_TASK DESCRIPTION:_ Output the data below only from the line containing "Emilio Pucci wide" up to and including the line containing "The print is", exact and with the pictures left out.

_RECORD SET:_
=== Section Start ===
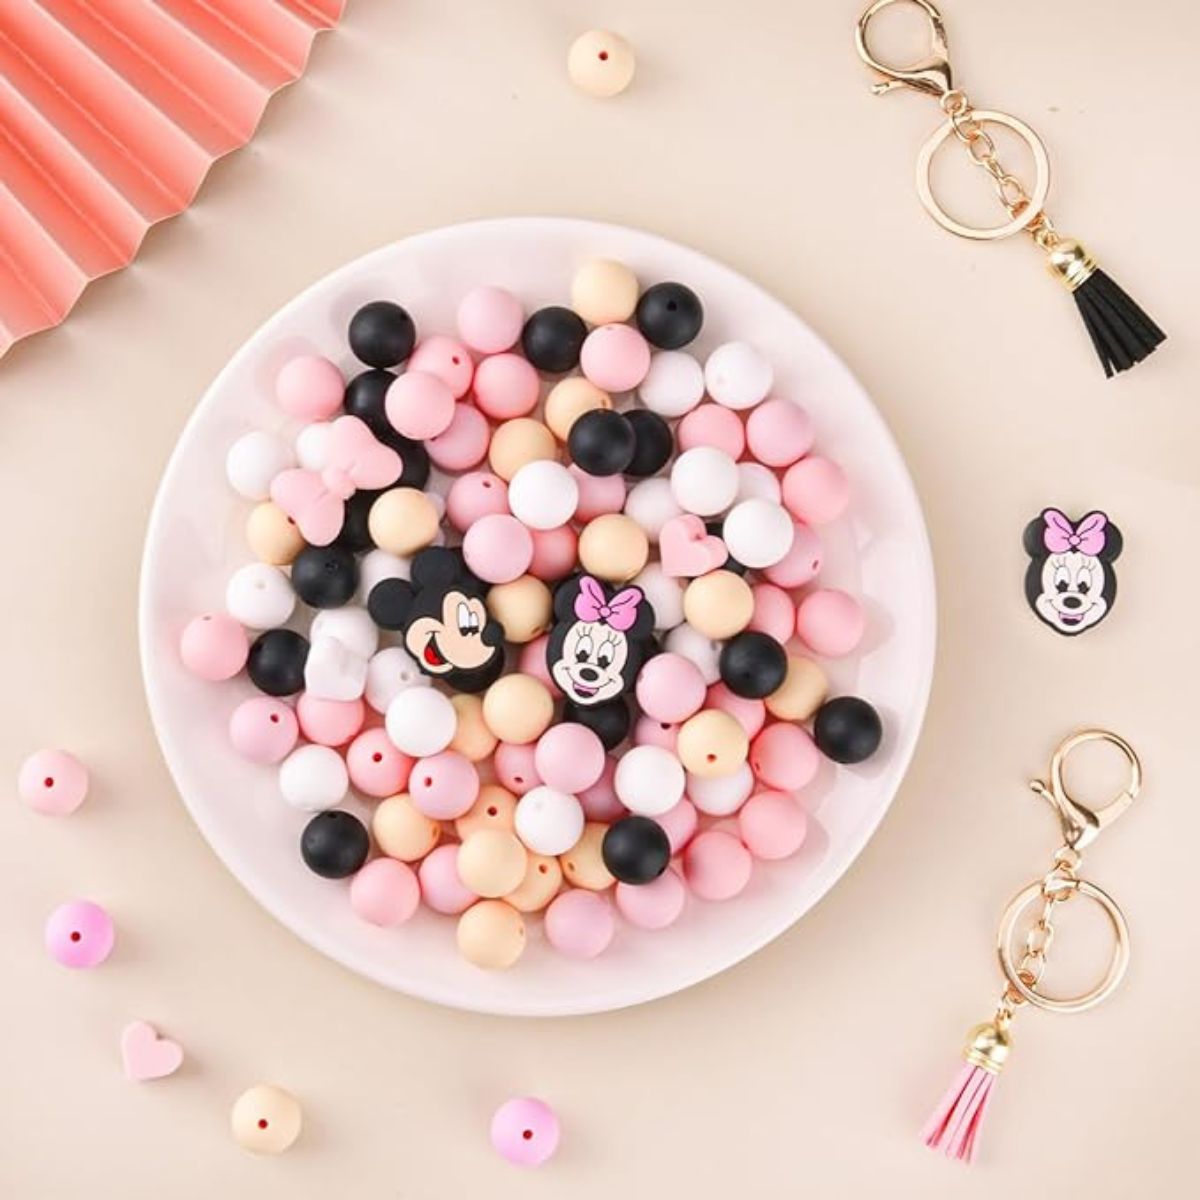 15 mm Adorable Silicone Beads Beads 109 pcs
=== Section End ===
=== Section Start ===
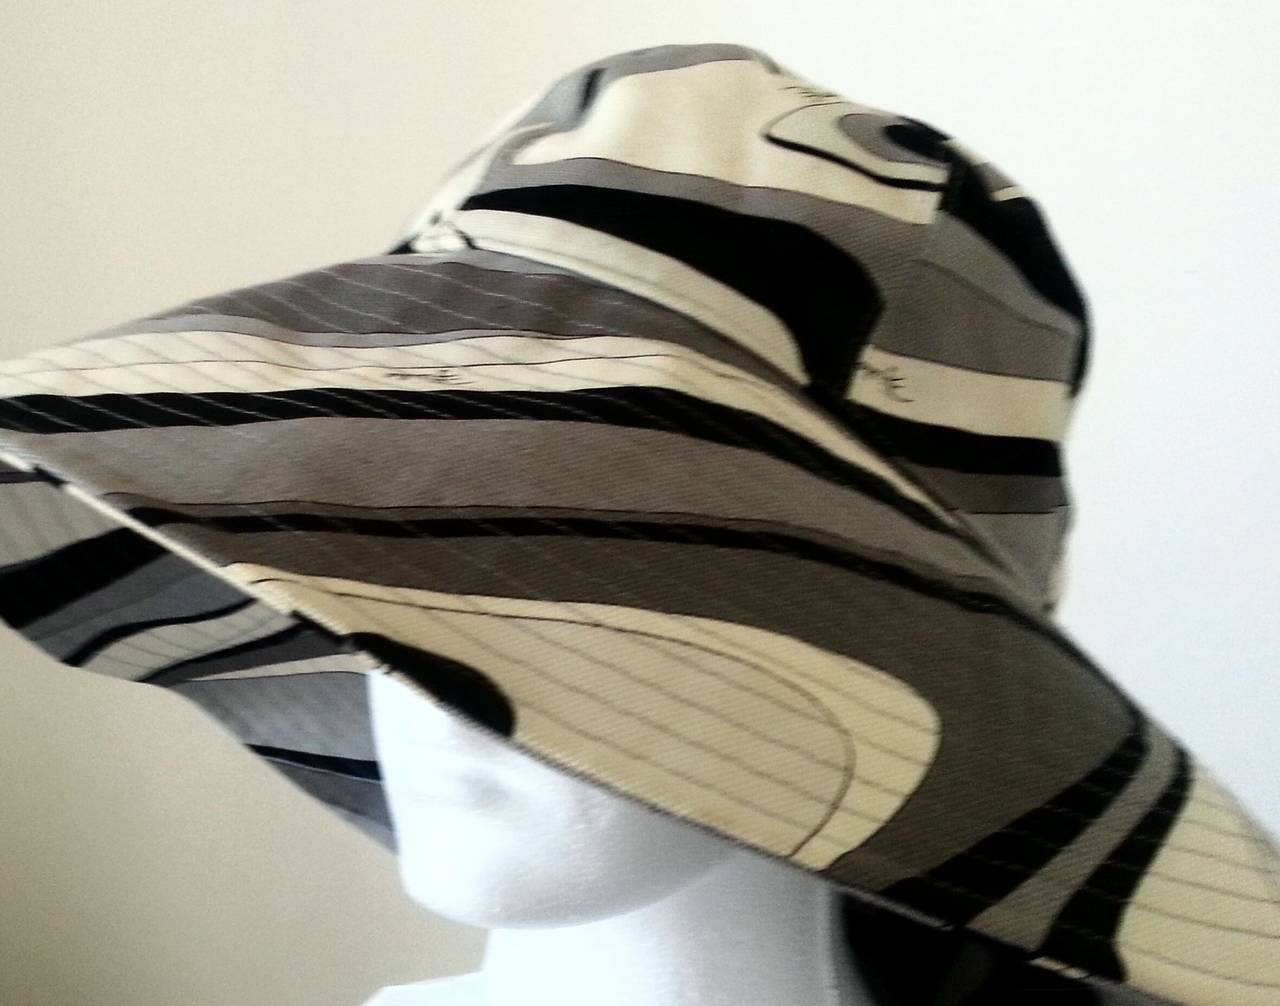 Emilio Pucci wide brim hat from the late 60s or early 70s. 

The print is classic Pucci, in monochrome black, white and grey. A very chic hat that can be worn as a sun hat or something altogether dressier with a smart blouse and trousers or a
=== Section End ===
_OUTPUT FOR THIS EXERCISE:_
 Emilio Pucci wide brim hat from the late 60s or early 70s. 

The print is classic Pucci, in monochrome black, white and grey. A very chic hat that can be worn as a sun hat or something altogether dressier with a smart blouse and trousers or a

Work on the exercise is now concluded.